If you’ve decided to implement amenity fees, you’ll have to consider how much to charge.
First, determine which amenities should carry fees. For example, you could decide to start charging a fee for parking or specialty on-demand services while keeping outdoor amenities, like the pool, free.
Next, consider your property’s location and class. These are important factors that will affect how much prospects and residents are willing to pay for your building and its amenities.
From there, use these reasonable average fees as a starting point for implementing your own amenity fees:
- General amenity fee: $400 annually or $30 per month
- Parking fee: $50/month in a small town or suburb; $150/month in a large city
- Package service or package locker fee: $3 to $5 per month
- Storage unit: $50 to $200 depending on size and features of the unit
- Pool fee: $35 per season
Gated community amenities fee
Apartment buildings aren’t the only properties that offer amenities — gated communities do, too.

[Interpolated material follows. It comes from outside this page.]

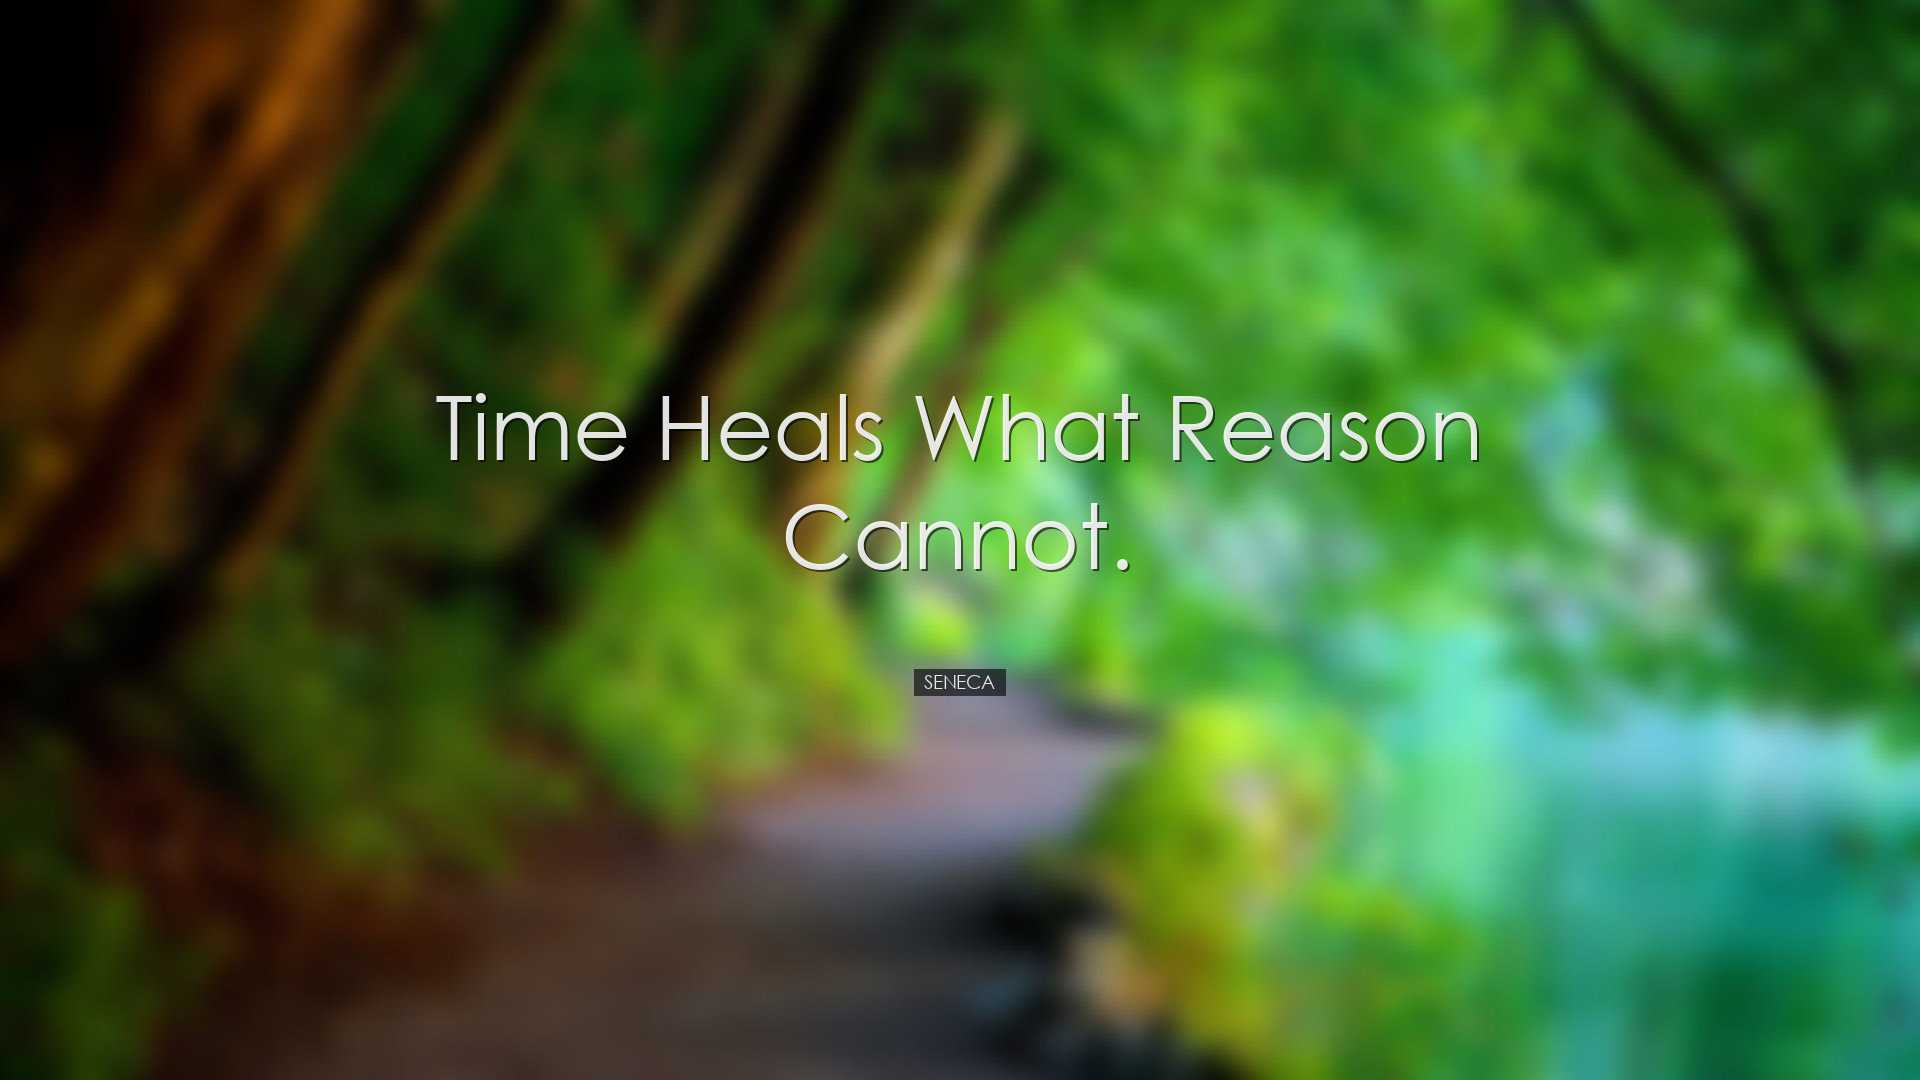 Time heals what reason cannot. - Seneca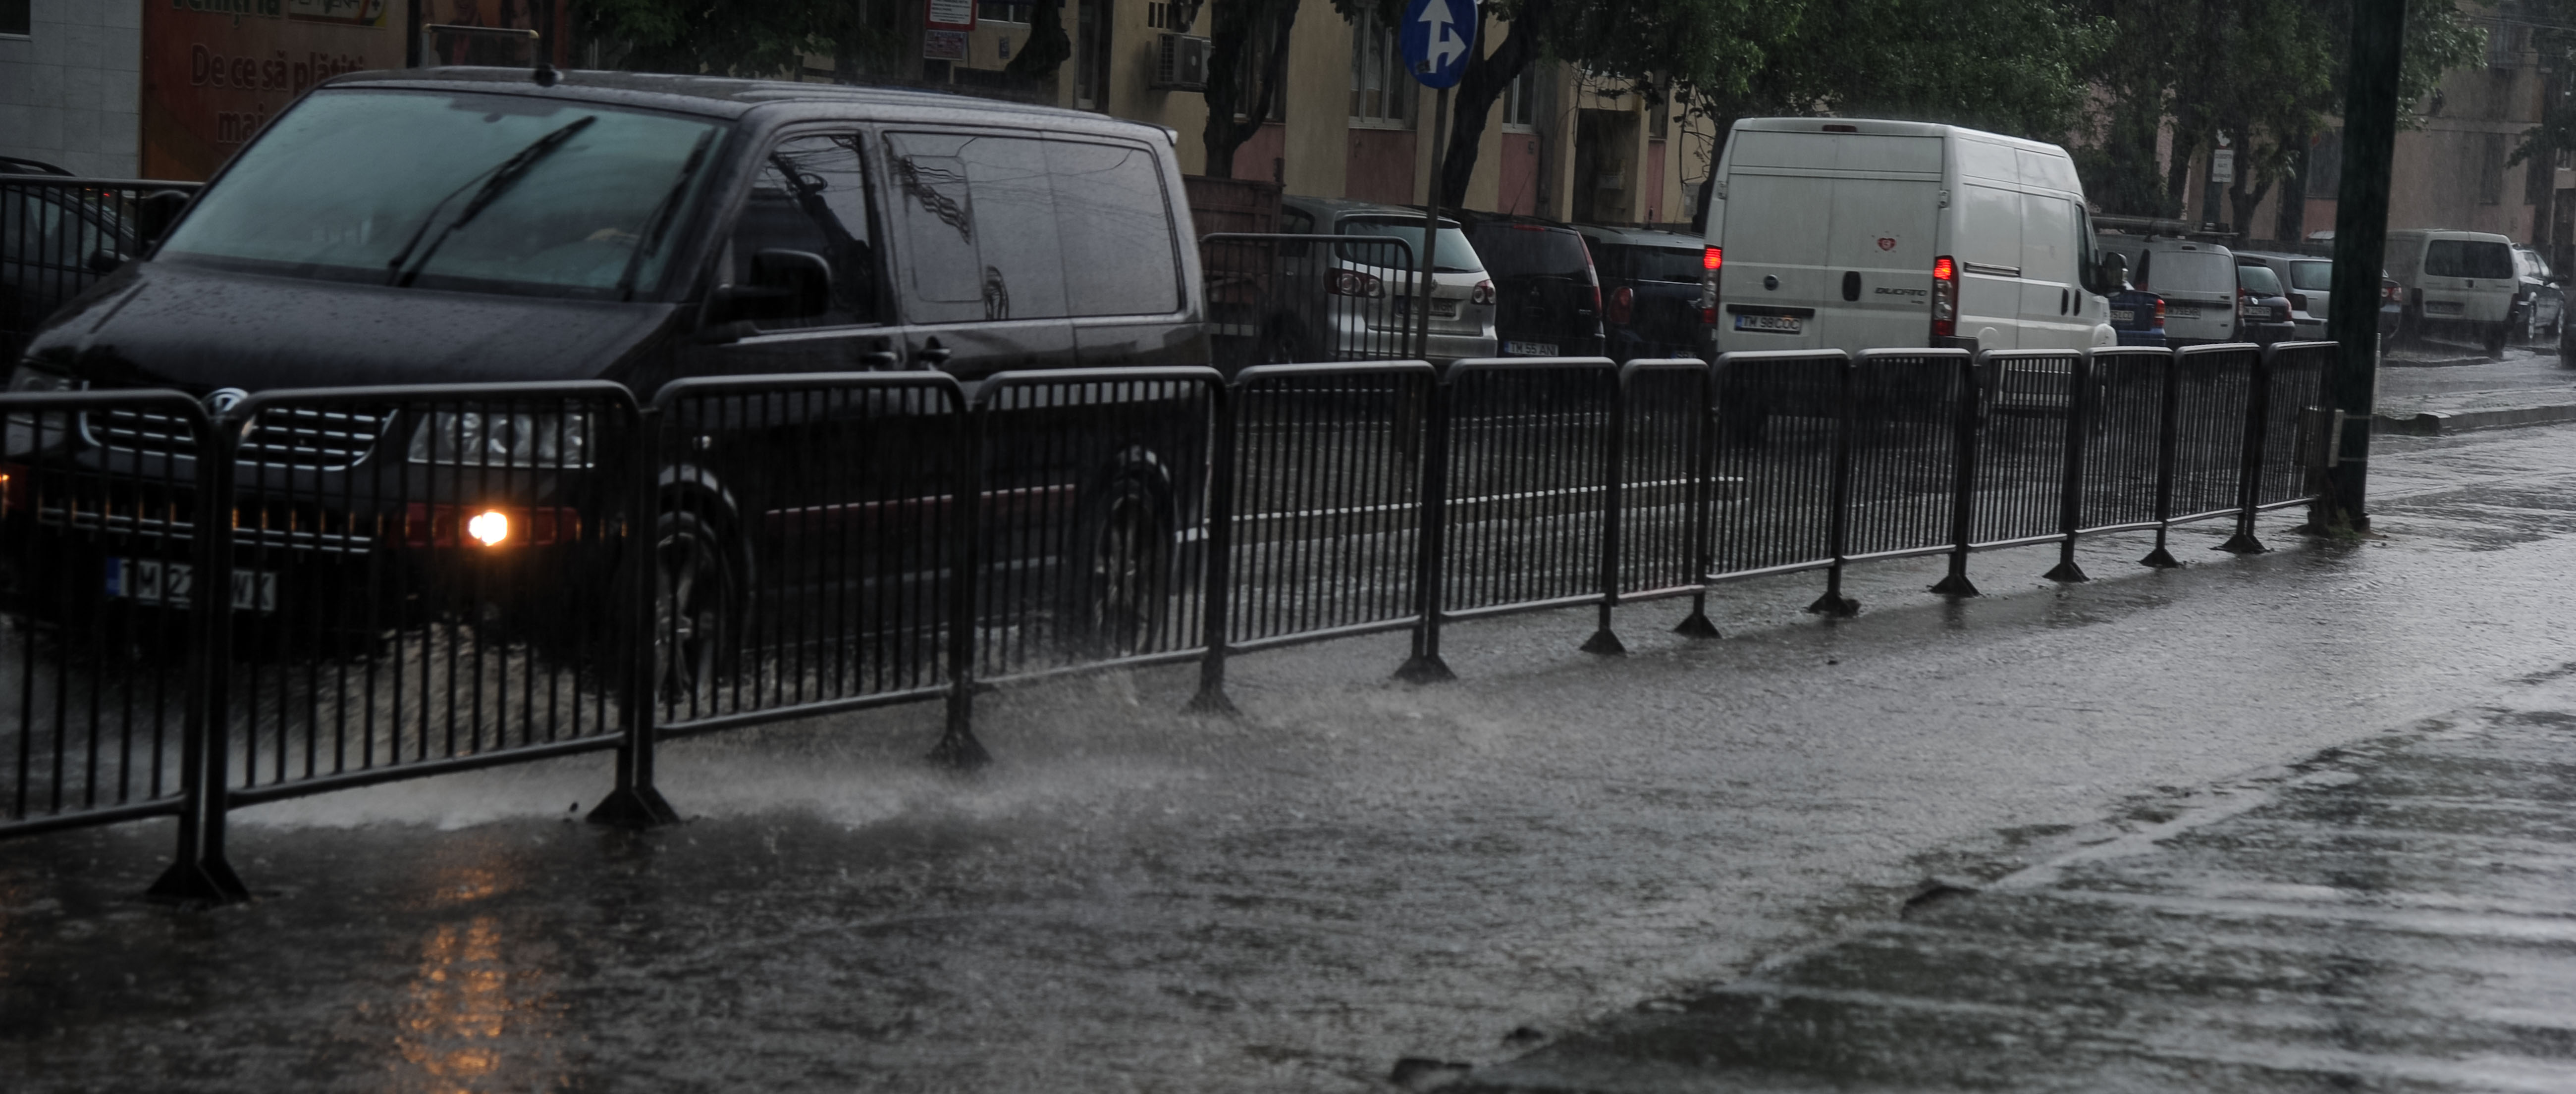 ploaie in Timisoara 04

Gated community amenities, such as pools and community clubhouses, are often covered by an HOA fee, which all members of the community pay monthly or annually. However, it’s possible that a gated community would opt to charge fees in lieu of or in addition to an HOA fee.
- Amenity fees can be implemented at apartments and gated communities as a way for property staff to cover costs associated with offering amenities.
- Amenity fees can be charged monthly, annually, or as a one-time fee.
- Charging amenity fees can increase net income, but could lead to upset residents, higher turnover, and fewer lease renewals. So, think carefully before implementing fees.